Content starts

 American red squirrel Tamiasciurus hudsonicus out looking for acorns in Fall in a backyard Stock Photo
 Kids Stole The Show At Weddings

Content ends
Content starts

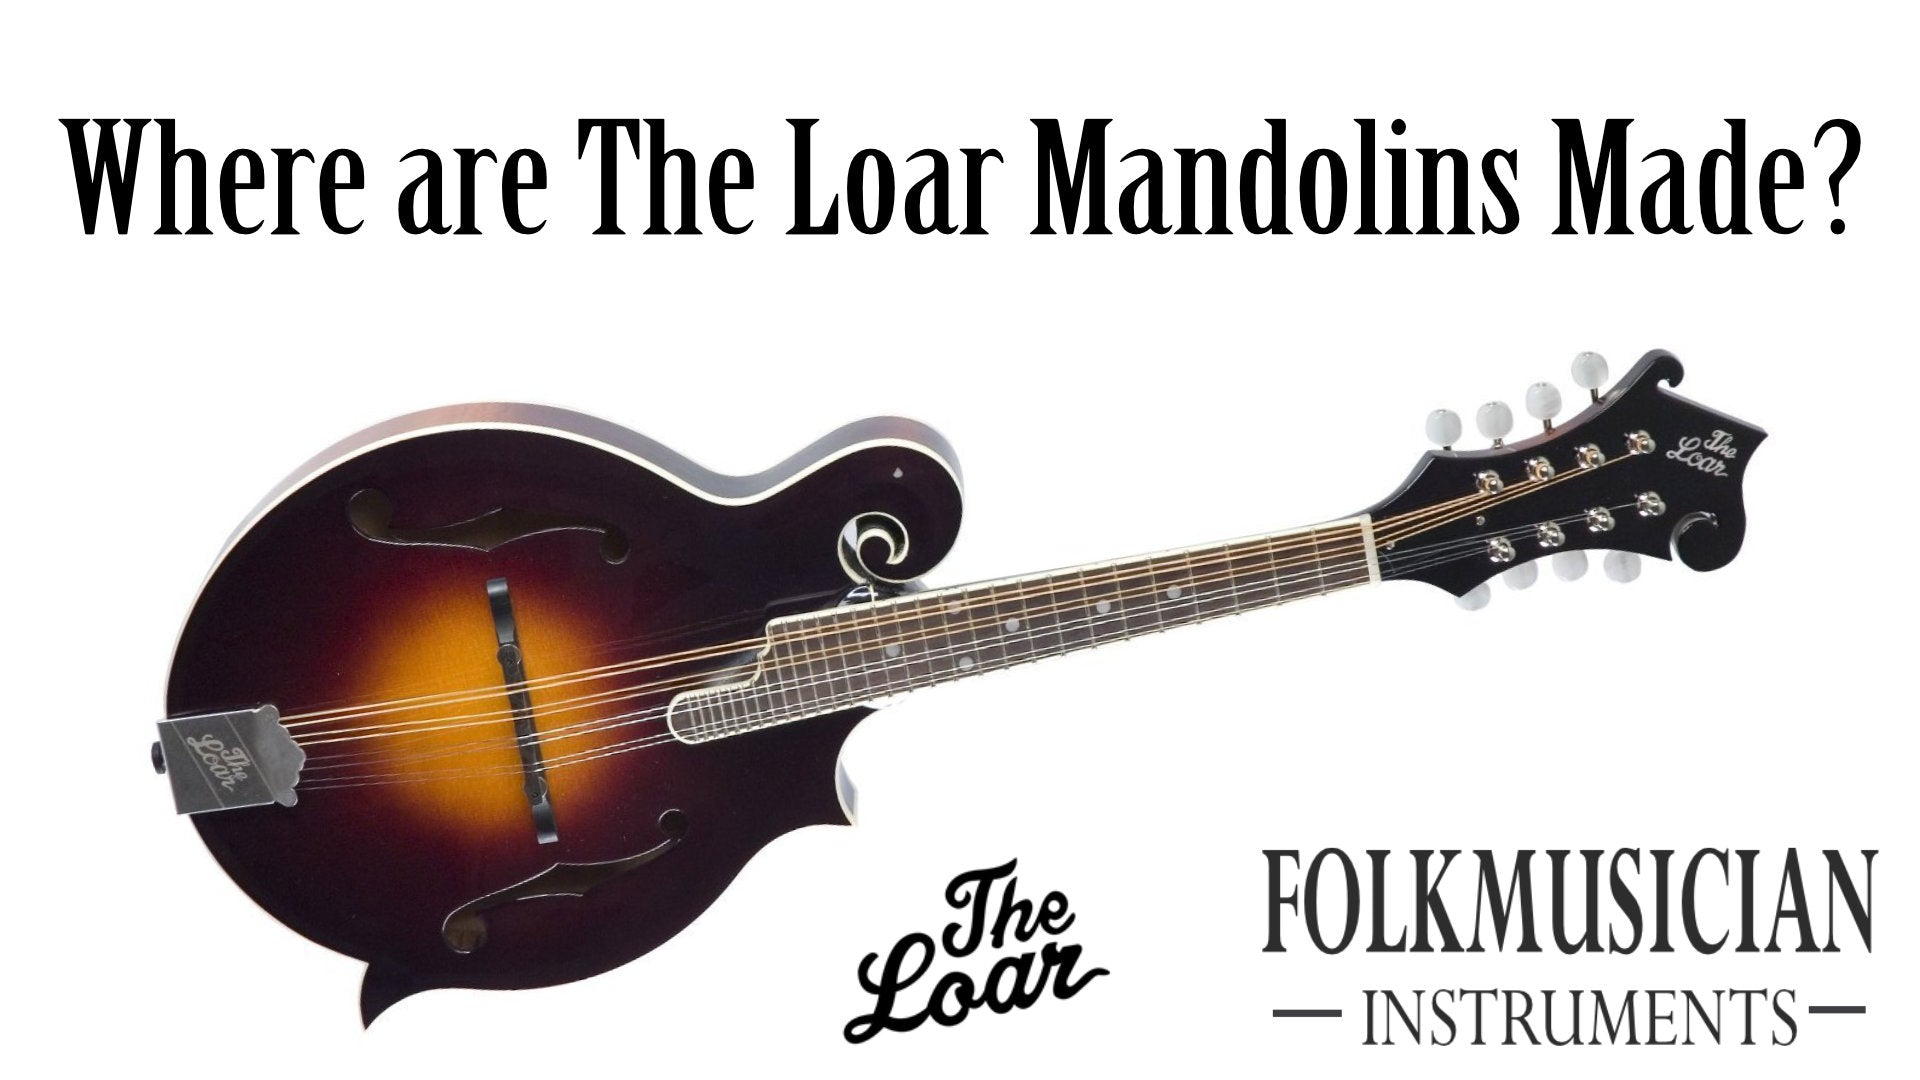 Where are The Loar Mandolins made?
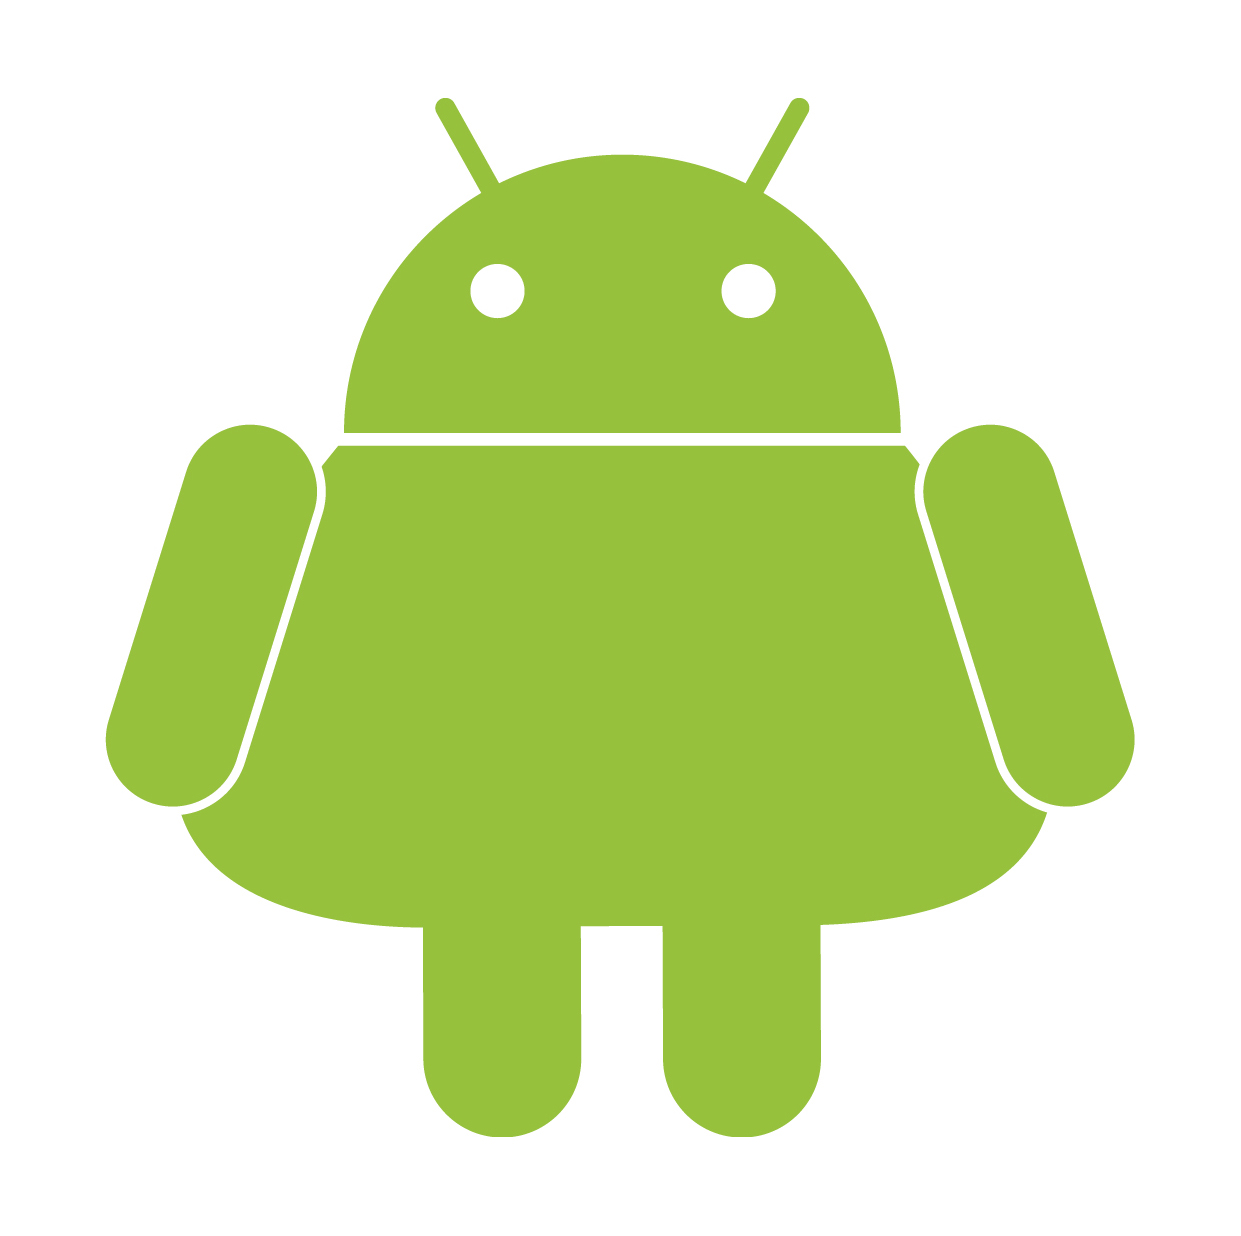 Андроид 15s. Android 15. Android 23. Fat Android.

Content ends

[THE TASK]: Send back exactly the lines of the listing above starting at the one with "American red squirrel" and ending at the one with "Kids Stole The Show At Weddings", inclusive, and no others.

[ANSWER AREA]:
 American red squirrel Tamiasciurus hudsonicus out looking for acorns in Fall in a backyard Stock Photo
 Kids Stole The Show At Weddings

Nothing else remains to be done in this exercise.